# WORK ITEM:
In the copy, every line of the material that follows must appear exactly, and no pictures should.

# AVAILABLE DATA:
+++

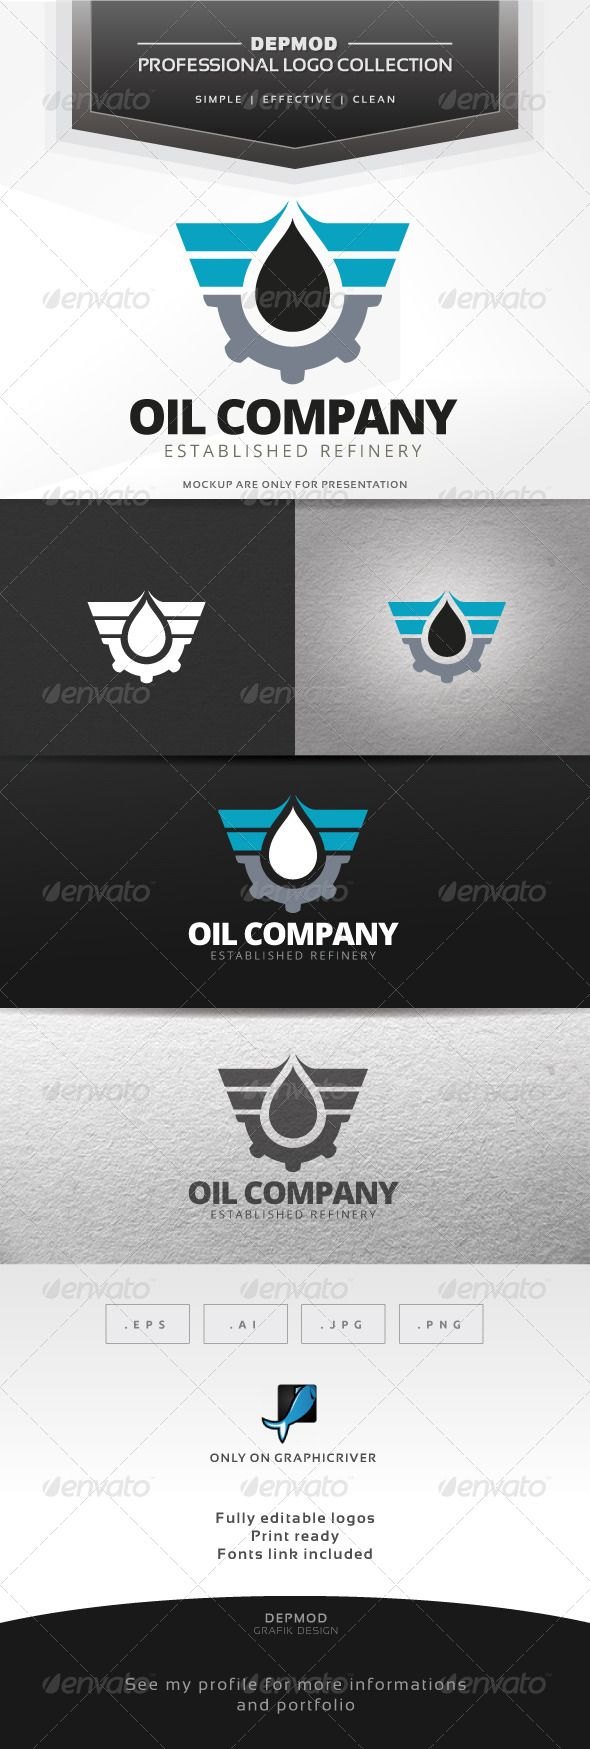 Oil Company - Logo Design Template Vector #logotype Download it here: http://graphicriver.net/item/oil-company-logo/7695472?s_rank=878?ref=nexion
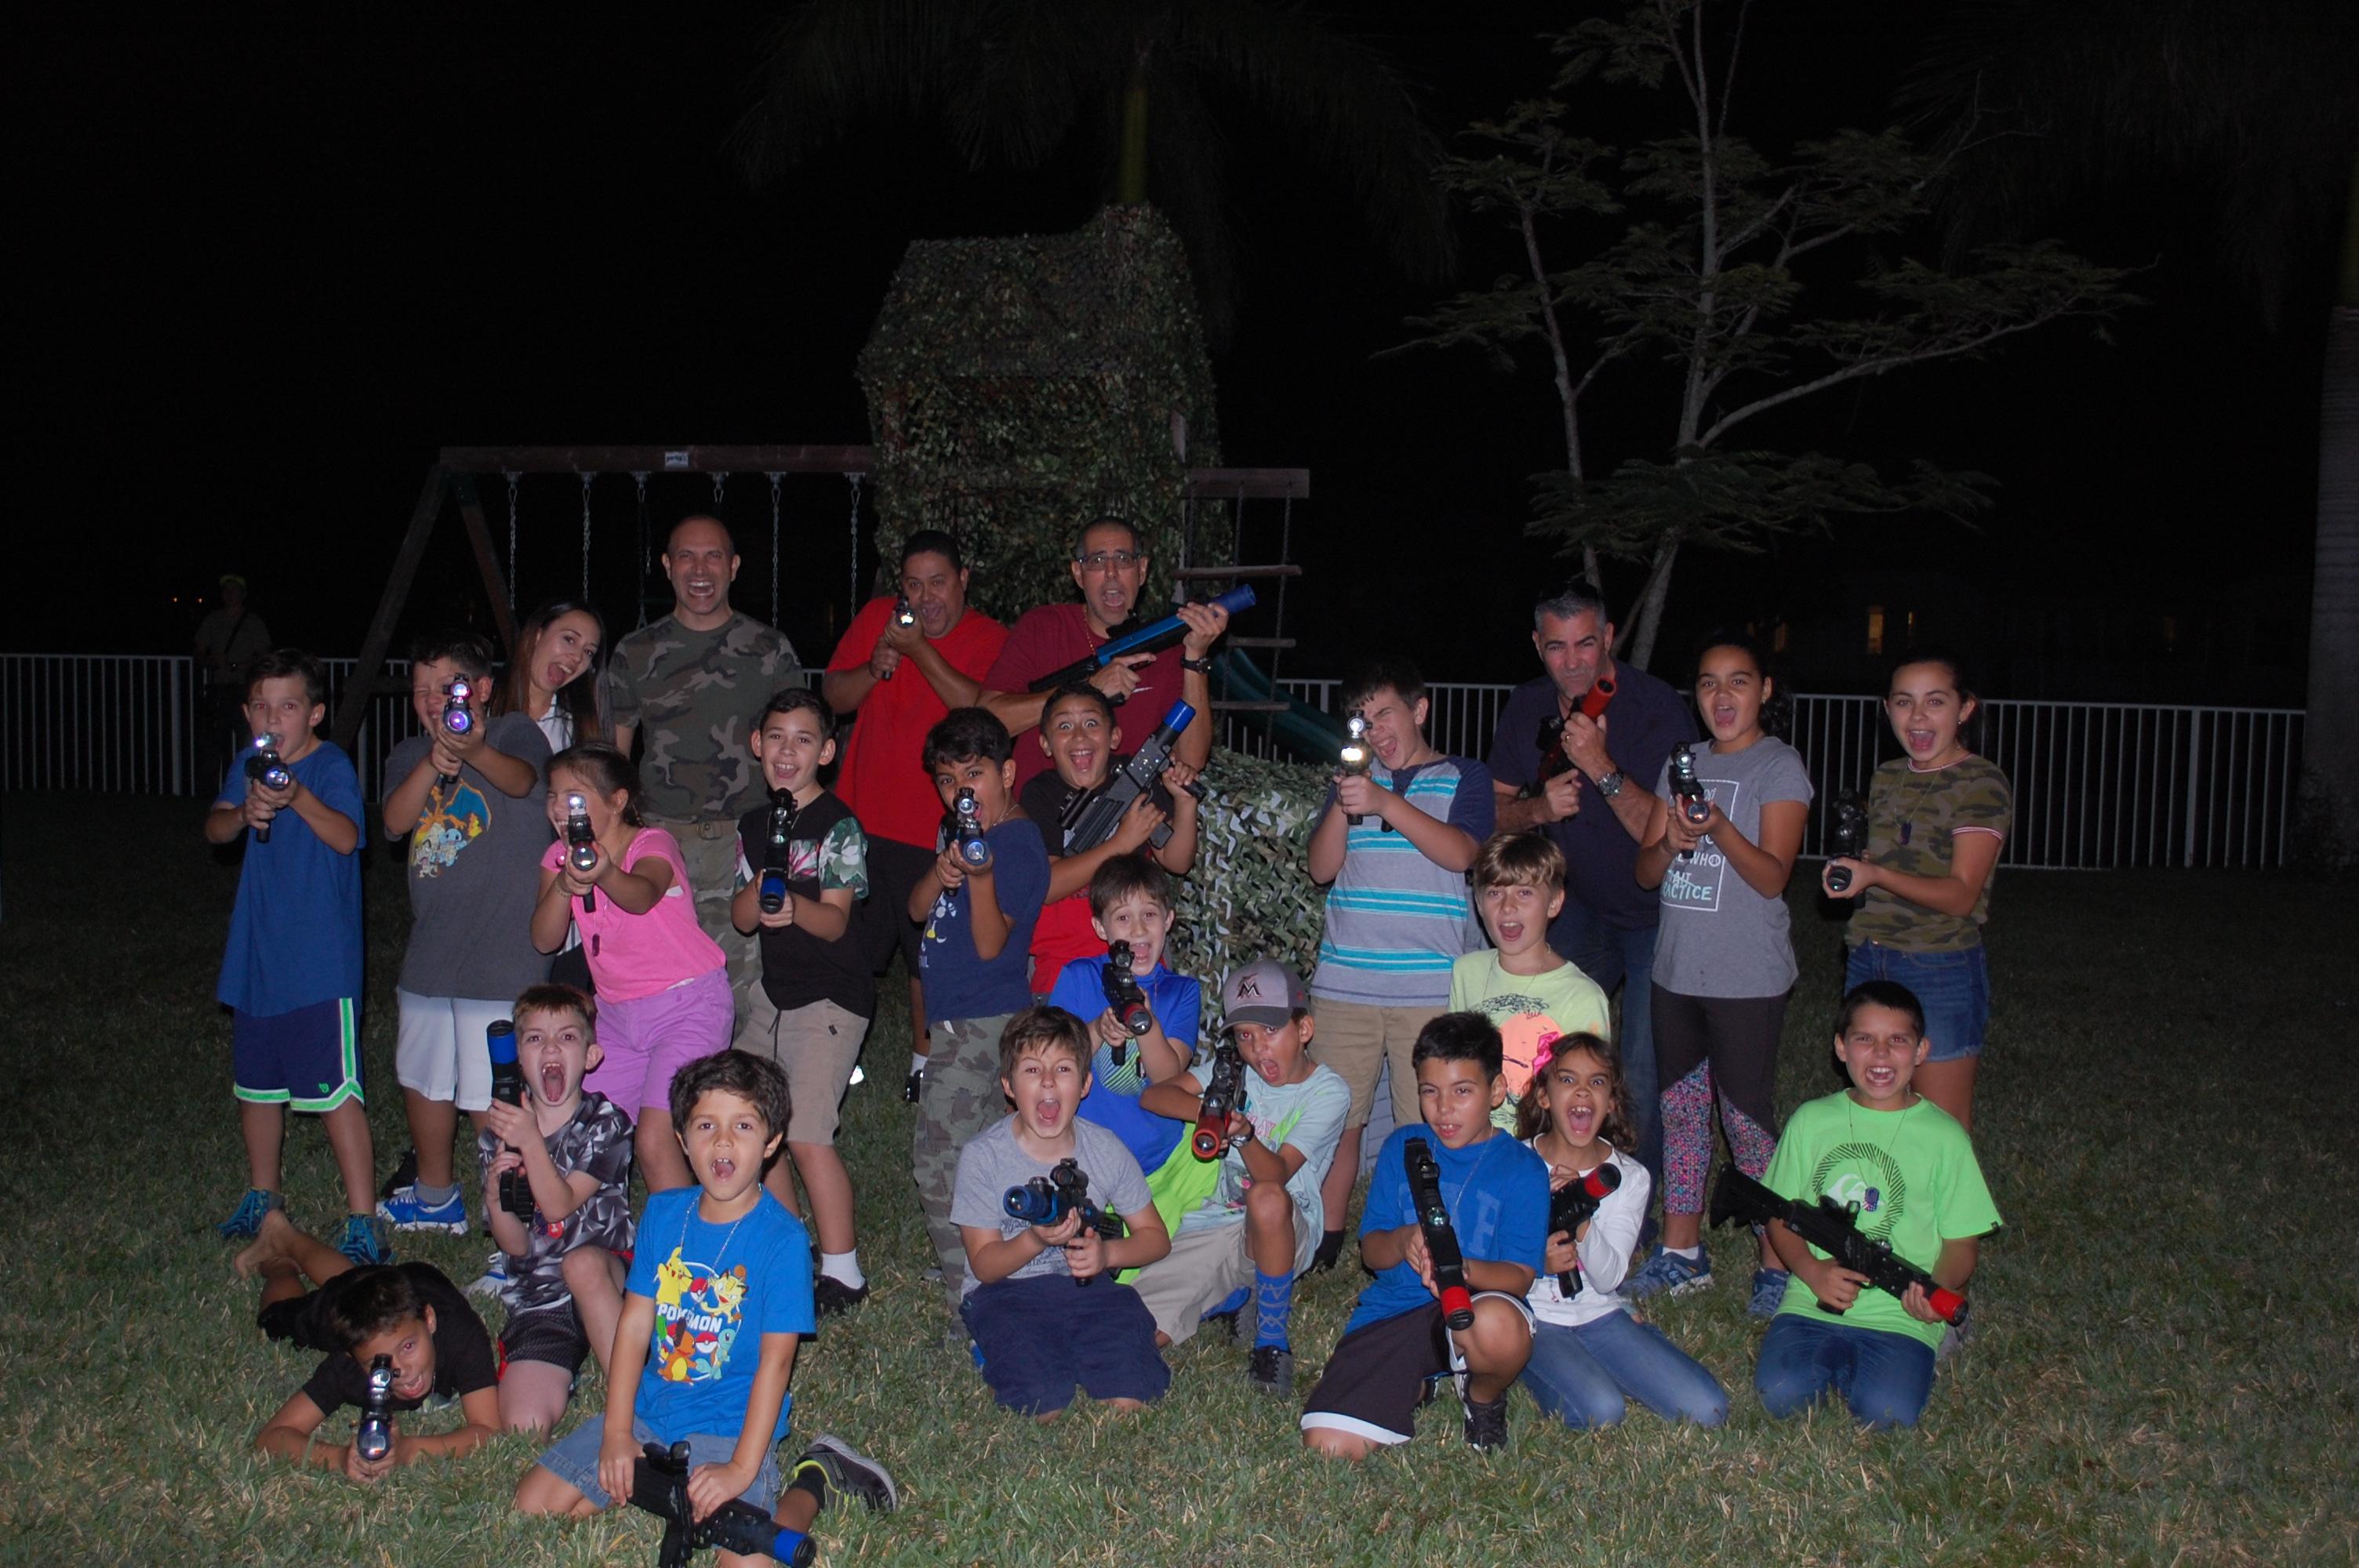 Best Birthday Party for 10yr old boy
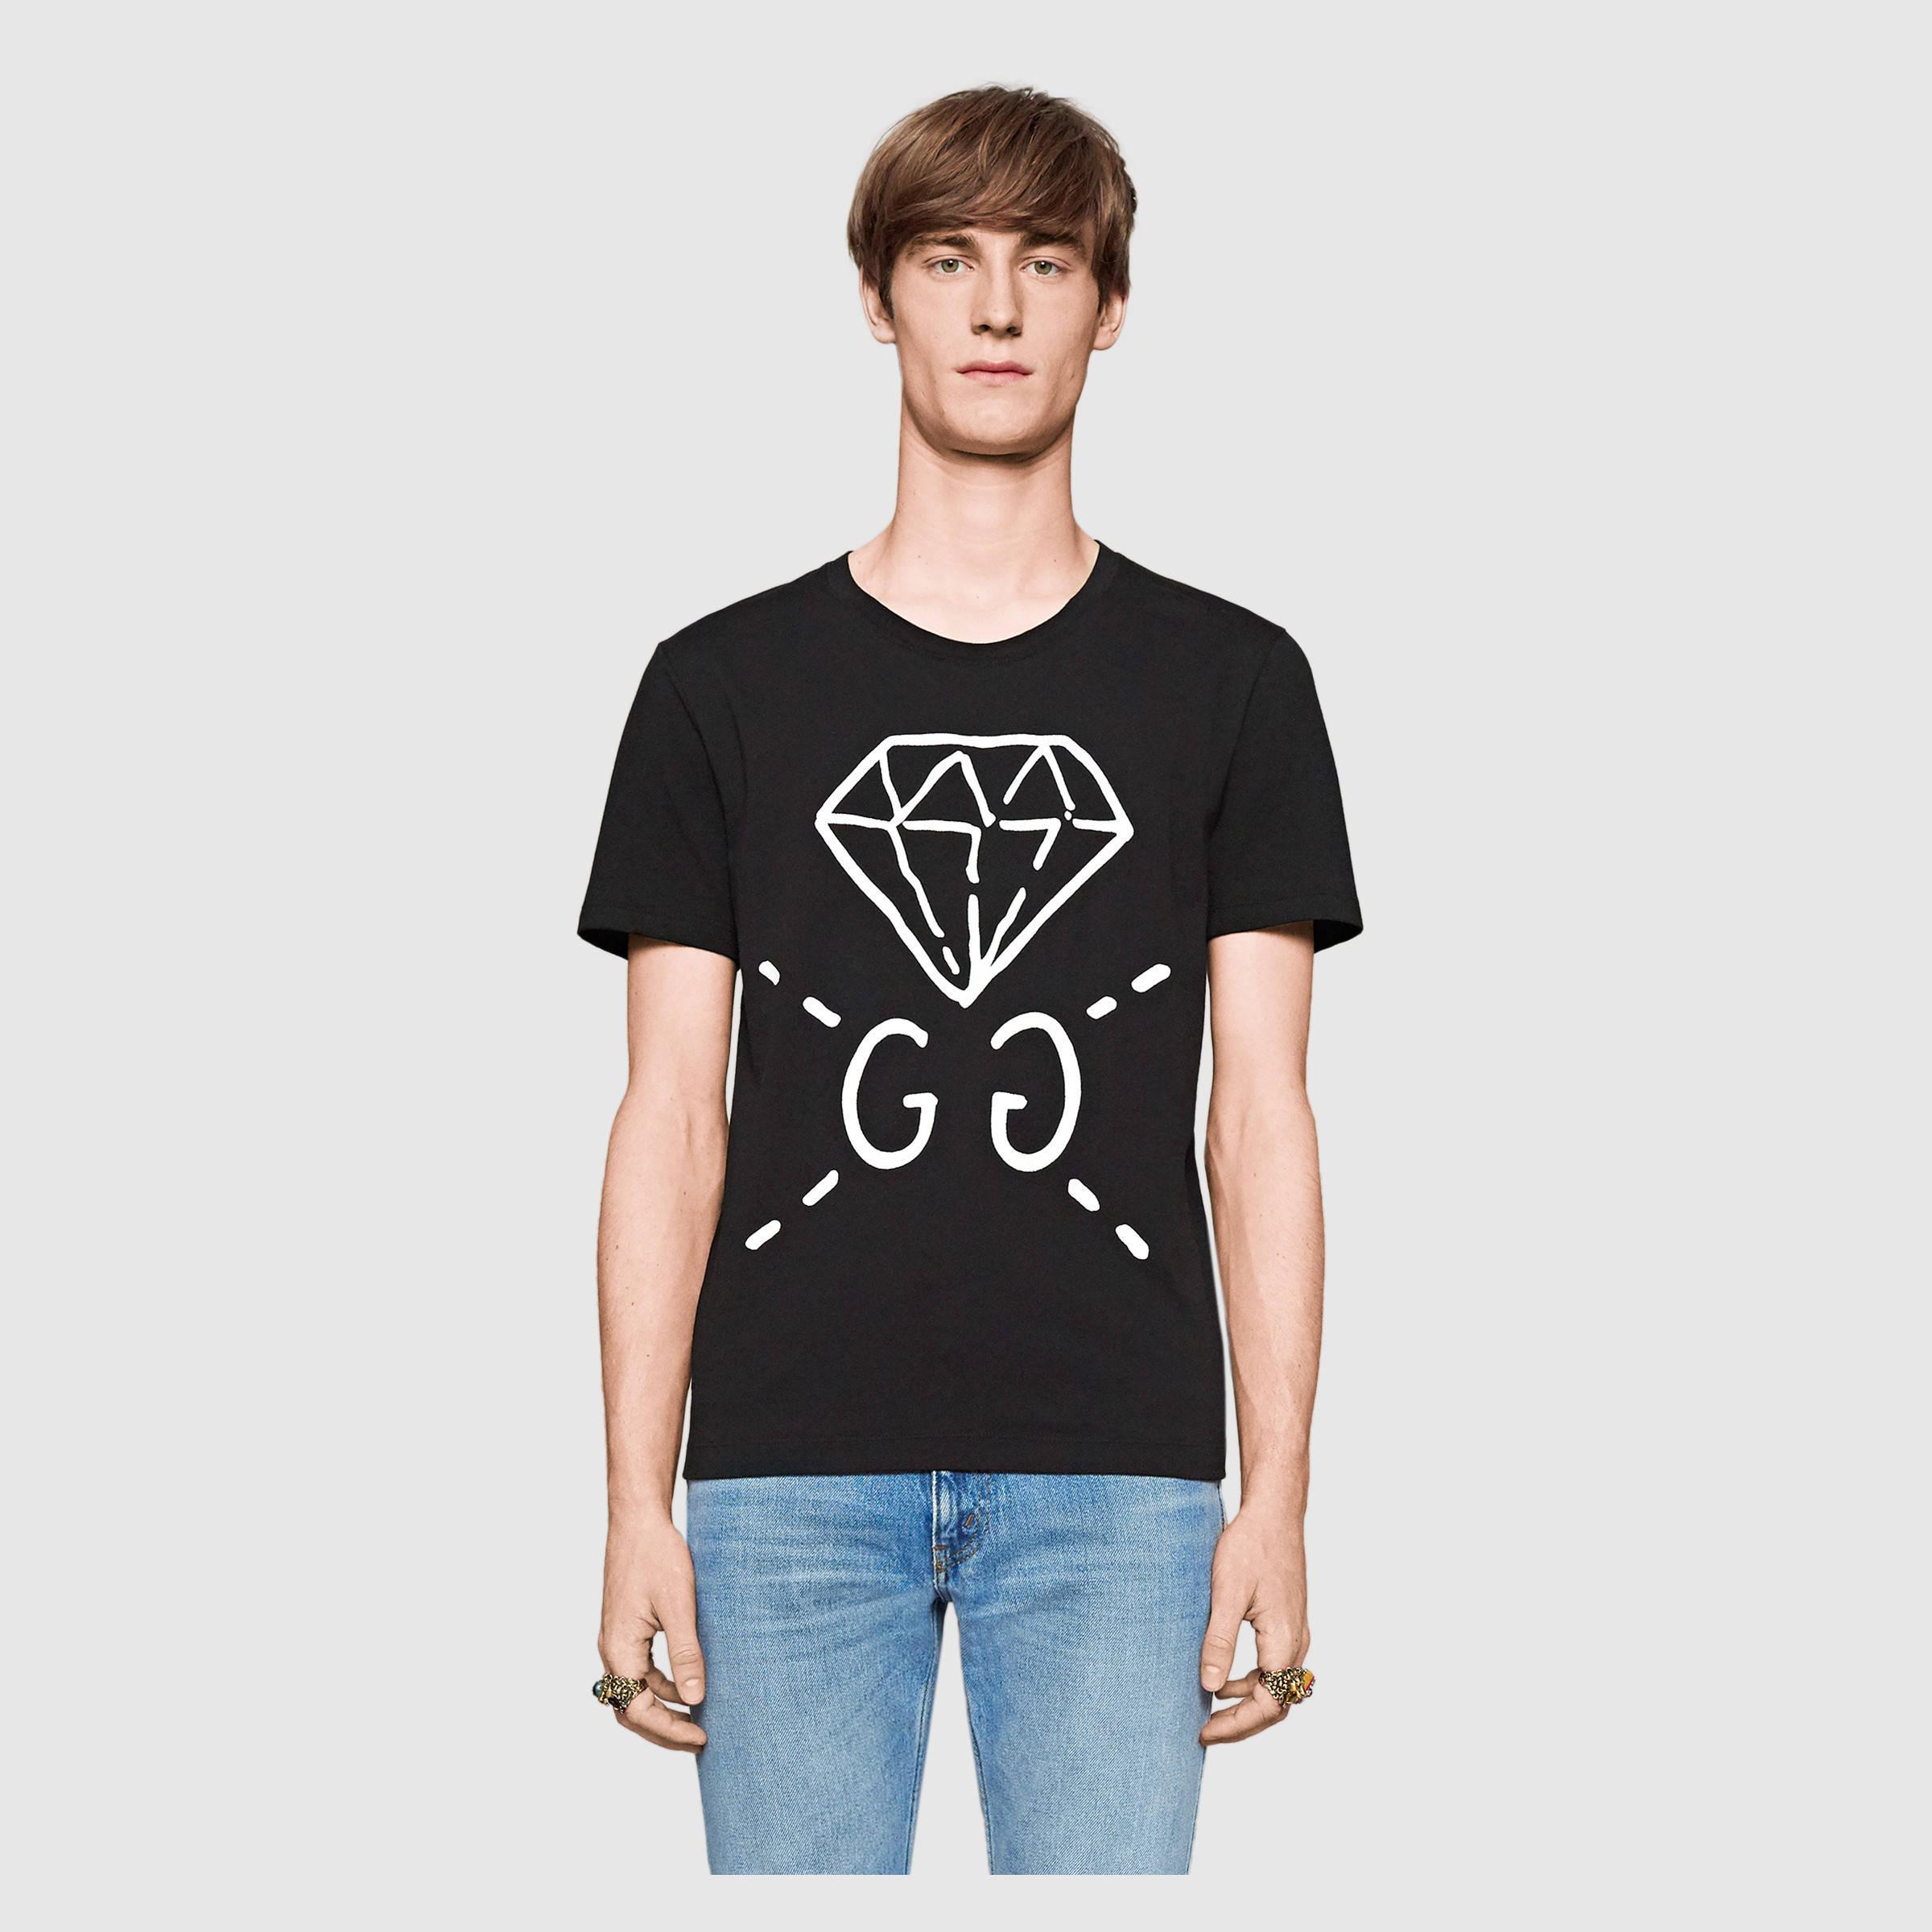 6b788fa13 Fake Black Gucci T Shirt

+++

# ANSWER SECTION:
 Oil Company - Logo Design Template Vector #logotype Download it here: http://graphicriver.net/item/oil-company-logo/7695472?s_rank=878?ref=nexion
 Best Birthday Party for 10yr old boy
 6b788fa13 Fake Black Gucci T Shirt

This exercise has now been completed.